I’m not positive what my father’s theology was about the triumphant ·church before then. But I know very well what my father believed in his last days, before he joined that great caravan of faith. He had seen the Church triumphant and it was beautiful!

What about you? Our fellow United Methodists? Our pastors? Our bishops? Are we really willing to be the Bride of Christ? To bear Him fruit and children of faith? Are we ready, as God’s people, to really be the Body of Christ? To minister as Jesus would today? Are we the Church which is willing to let the natural power of God flow through our lives?

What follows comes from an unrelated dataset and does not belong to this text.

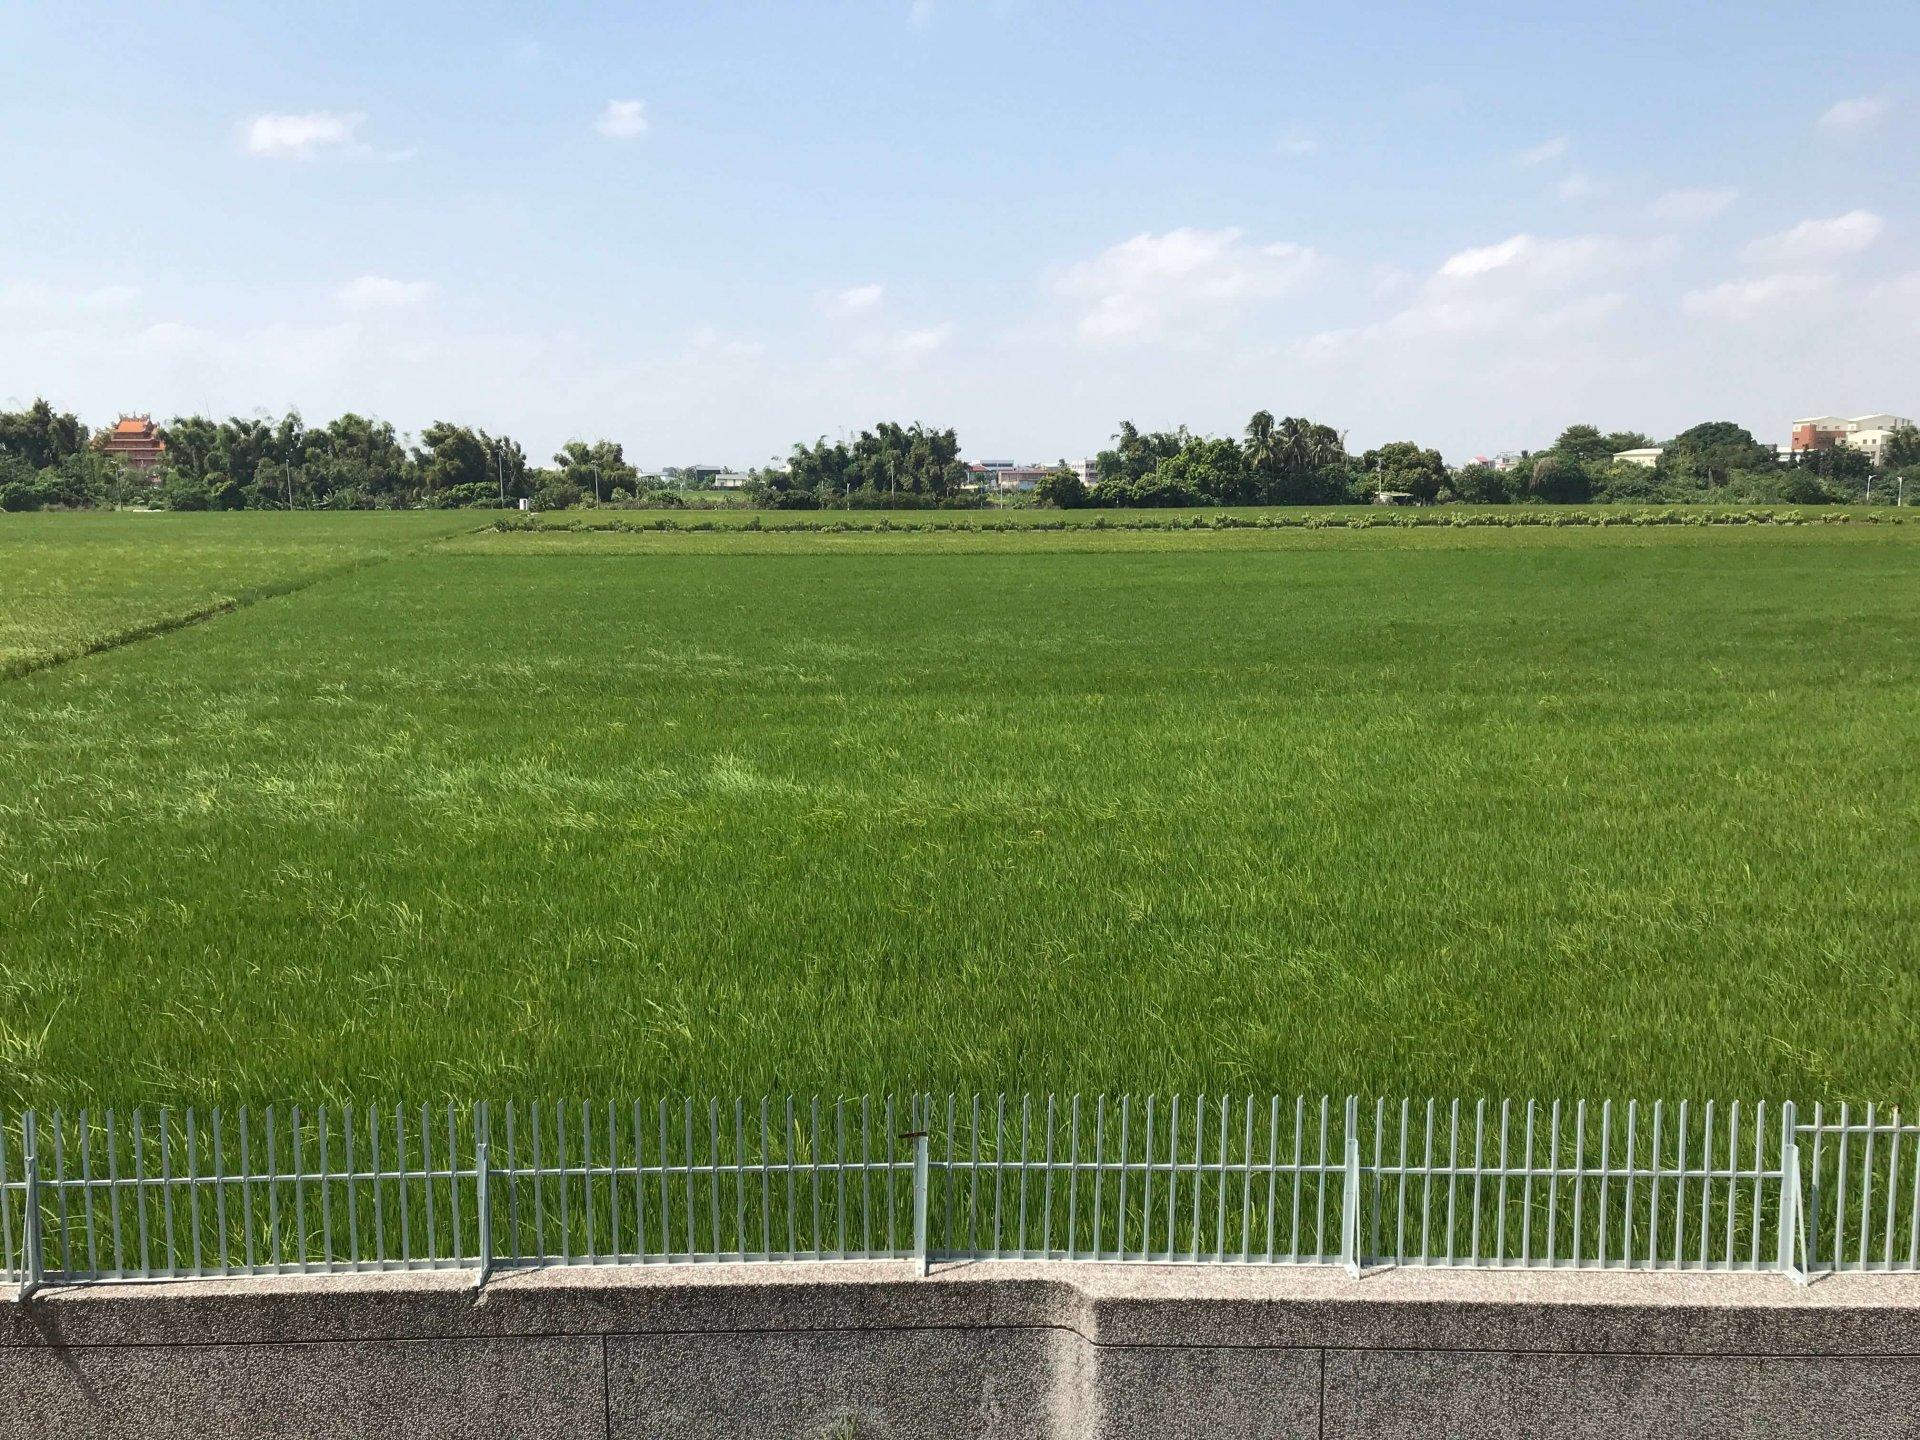 鄰近美麗的稻田讓同學身心舒暢

Do we welcome the living Spirit who cleanses and washes and challenges and lifts and empowers? Do we really believe in the Church triumphant? And do you and I, though our days may be few or many, and though we may be on the top or the bottom of social or material success … do we believe that all shall be made right when we are at His feet?

Dear people, pray for me. I pray for you, that together we may be God’s beautiful people. I pray that United Methodism may be the Church beautiful.